One Kubernetes cluster can quickly turn into Kube sprawl.

Kubernetes clusters have become the new deployment boundaries for applications. Though namespaces provide the required isolation and boundaries, customers prefer to isolate applications by running them on different clusters. Each business function has multiple clusters running across different environments — on-premises, private cloud, self-provisioned clusters in the public cloud, managed clusters in the public cloud. Just keeping track of these clusters, let alone actually managing them poses a huge challenge to the IT and DevOps teams.

To bring all the clusters to the desired and compliant state, a set of kubectl commands need to run on each cluster to ensure that they have consistent configuration, policies, quotas, and RBAC roles. Once again, doing this for each cluster is laborious and error-prone.

Kubernetes Multi Cluster Management — A Control Plane of the Control Planes

What enterprise IT needs is multi cluster management, like Kubermatic Kubernetes Platform, to act as an overarching control plane of all Kubernetes clusters launched within an organization. With multi cluster management, IT can keep track of each cluster and ensure that they comply with a set of predefined policies. However, this cannot be just a fire and forget activity because the vast majority of IT resources are spent in Day 2 operations. The meta control plane needs to also enforce strict rules that can detect a drift in the actual cluster configuration and bring them back to the desired state of the configuration.

Kubernetes multi-cluster management

We call it multi cluster management because it manages the control plane and worker nodes of every Kubernetes cluster. A command sent to the multi cluster manager is automatically applied to the control plane of each cluster to bring the clusters into the desired state whether that be creation, upgrading, undoing drift, or deletion.

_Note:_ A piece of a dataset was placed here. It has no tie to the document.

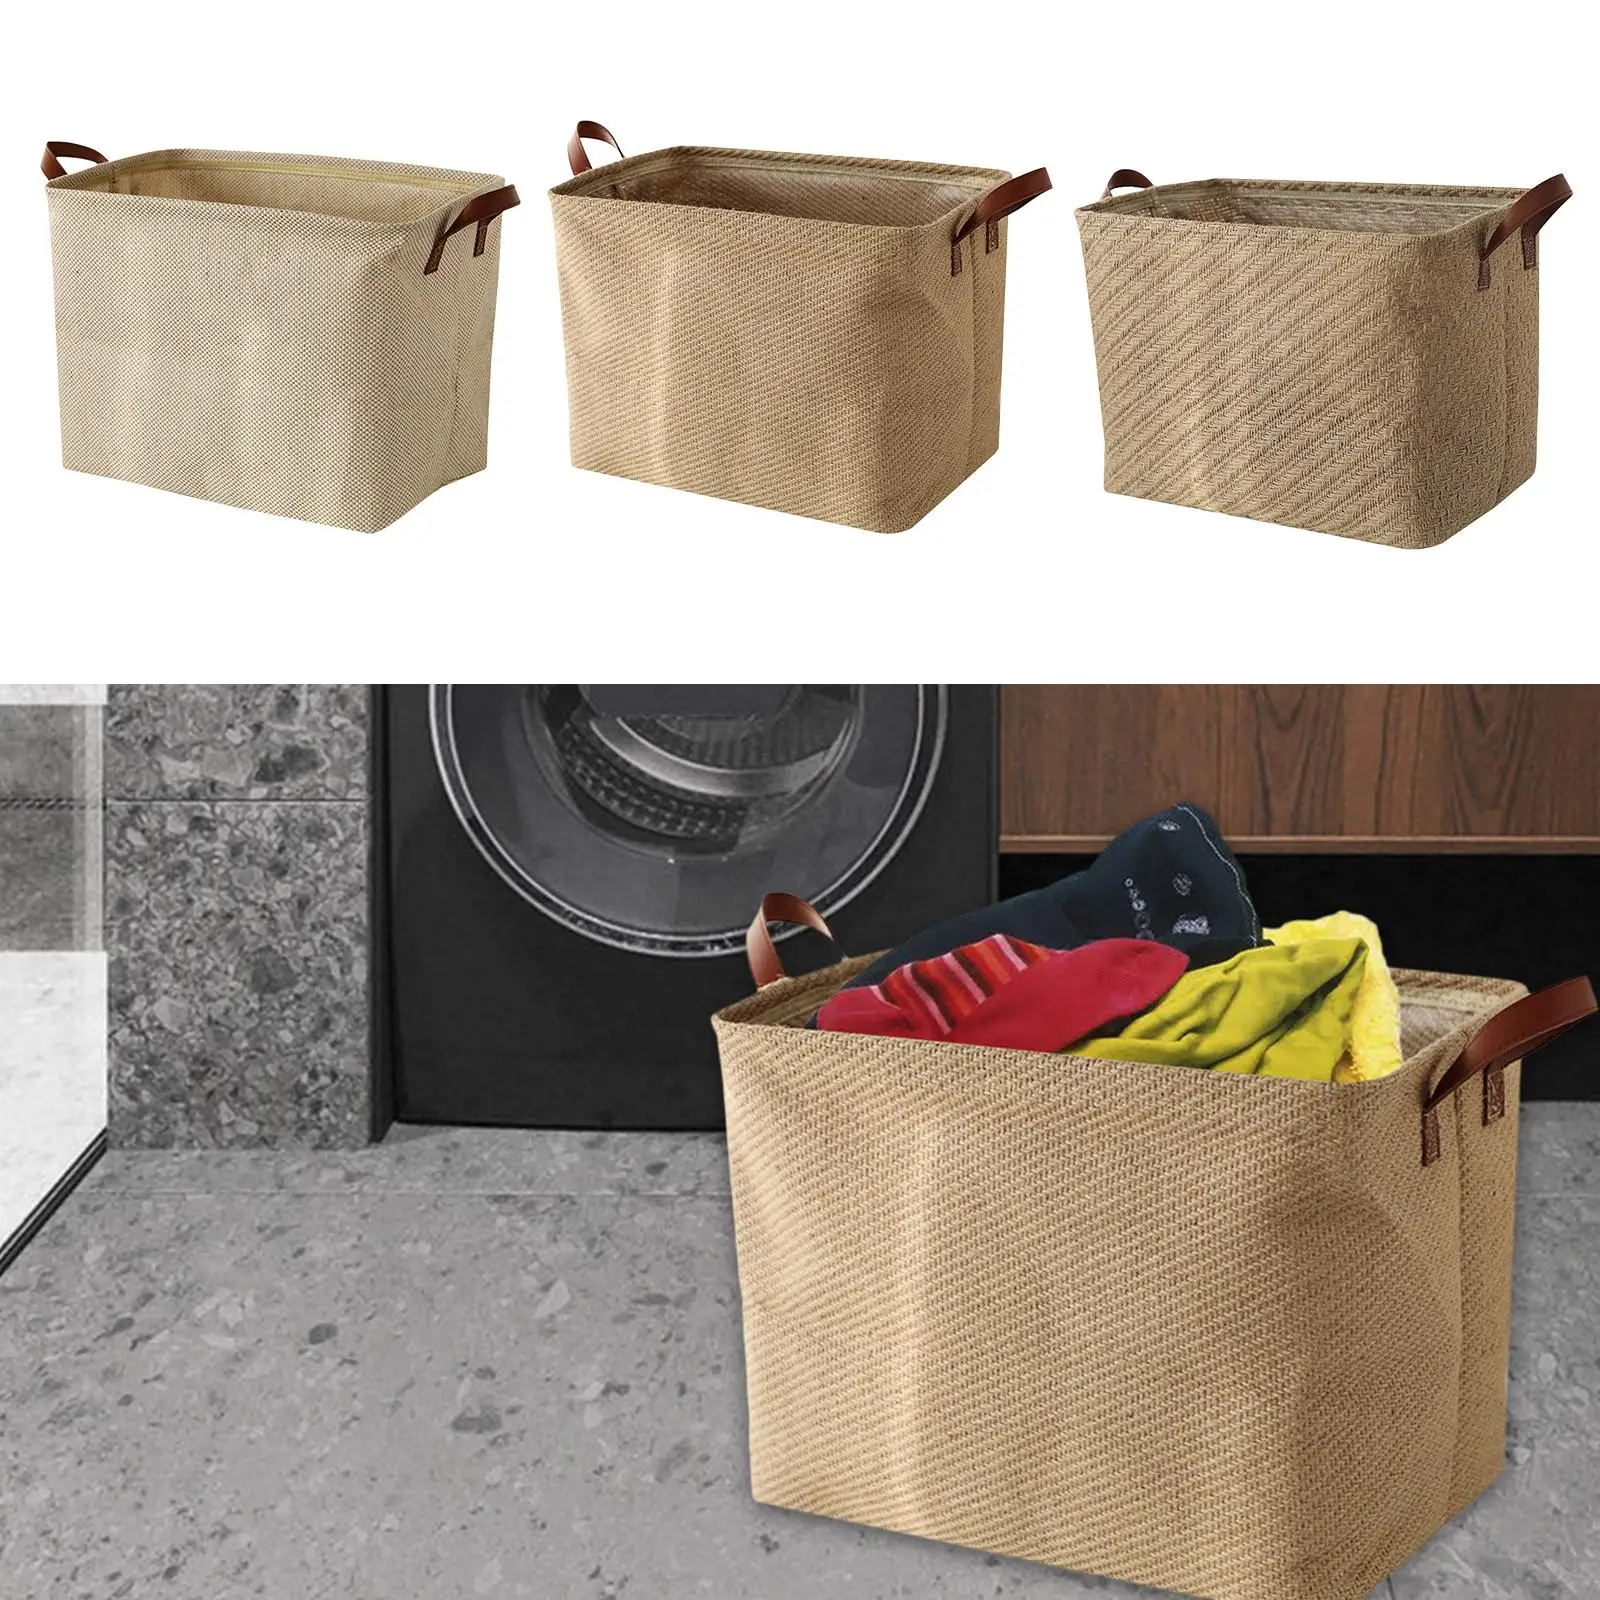 Decorative Laundry Basket With Handles Foldable Storage Basket for The
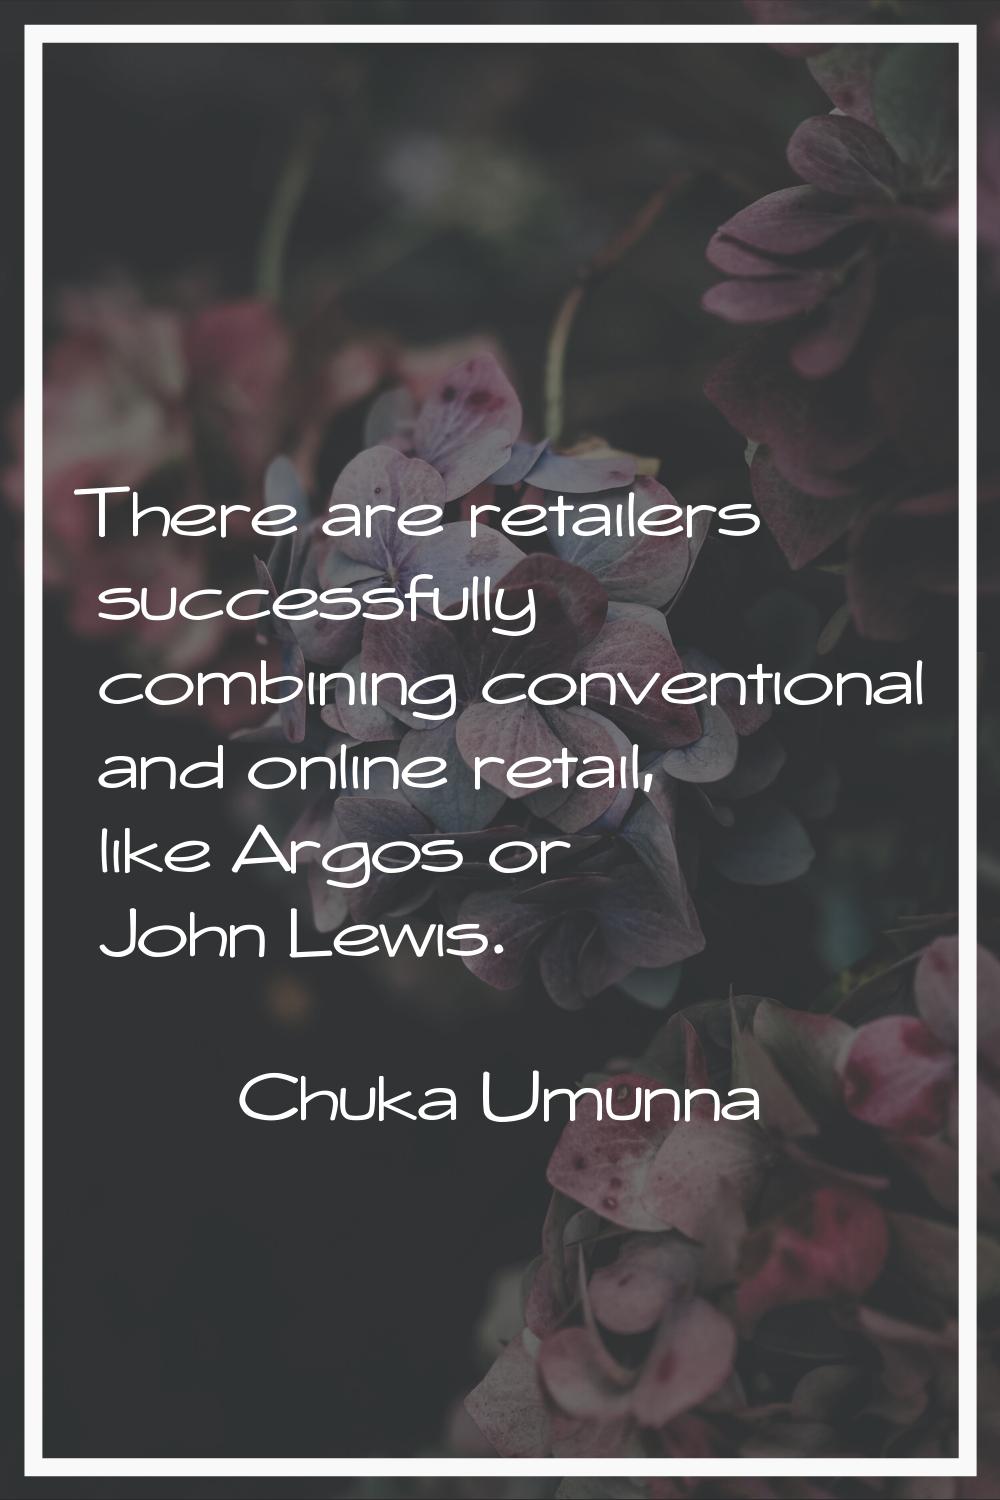 There are retailers successfully combining conventional and online retail, like Argos or John Lewis

Since the multi cluster manager has visibility into each cluster, it can collect and aggregate relevant metrics related to the infrastructure and application health. Thus it becomes THE single pane of glass for both configuration and observability.

Similar to how the Kubernetes controller maintains the desired state of deployments, statefulsets, jobs, and the daemonsets, the multi cluster manager ensures that every cluster maintains the desired state of the configuration throughout its whole life cycle.

For example, if a developer needs a new cluster for testing, they will be able to self provision a new cluster based on a company blueprint using quotas defined by the operations team who have automatic observability into the cluster. If an organization has a policy, like no containers can run as root, the multi cluster manager can detect when this policy gets deleted and automatically reapplies the configuration. This is similar to how the Kubernetes controller maintains the desired count of replicas of a deployment.

So, the multi cluster manager is to a Kubernetes cluster what the controller is to a deployment.

There is another commonality between the Kubernetes master and a multi cluster manager. When a workload is scheduled, the placement can be influenced through the combination of labels/selectors or node affinity. A nodeSelector or NodeAfffinity ensures that the workload lands on one of the nodes that matches the criteria. Similarly, the multi cluster manager can be instructed to push a deployment, configuration, or policy only to a subset of clusters based on their labels. This mechanism closely mimics the nodeSelector pattern of Kubernetes scheduling. Similar to labeling the nodes and using a selector at the deployment to target specific node(s), we label each cluster and use a selector from the multi cluster manager to filter the target clusters.

In summary, as the number of clusters grows within an organization, a multi cluster management solution is required to take control of cluster management and avoid the chaos of IT sprawl. At Kubermatic, we knew multi cluster management would be a problem for our customers from our first engagement with an on premise data center and production across two clouds. We designed, built, and open sourced Kubermatic Kubernetes Platform to help our customers centralize their multi cluster management and simplify their operations.

Kubermatic Kubernetes Platform - A Multi Cluster Manager

What is Kubermatic Kubernetes Platform? Simply put, it’s a Kubernetes based multi cluster management solution known for its Kubernetes in Kubernetes architecture. Though this definition is technically correct, it does not tell the whole story. Apart from being a multi cluster management solution, Kubermatic Kubernetes Platform automates many operational tasks that are critical to managing infrastructure and workloads in hybrid cloud, multi-cloud, and edge environments.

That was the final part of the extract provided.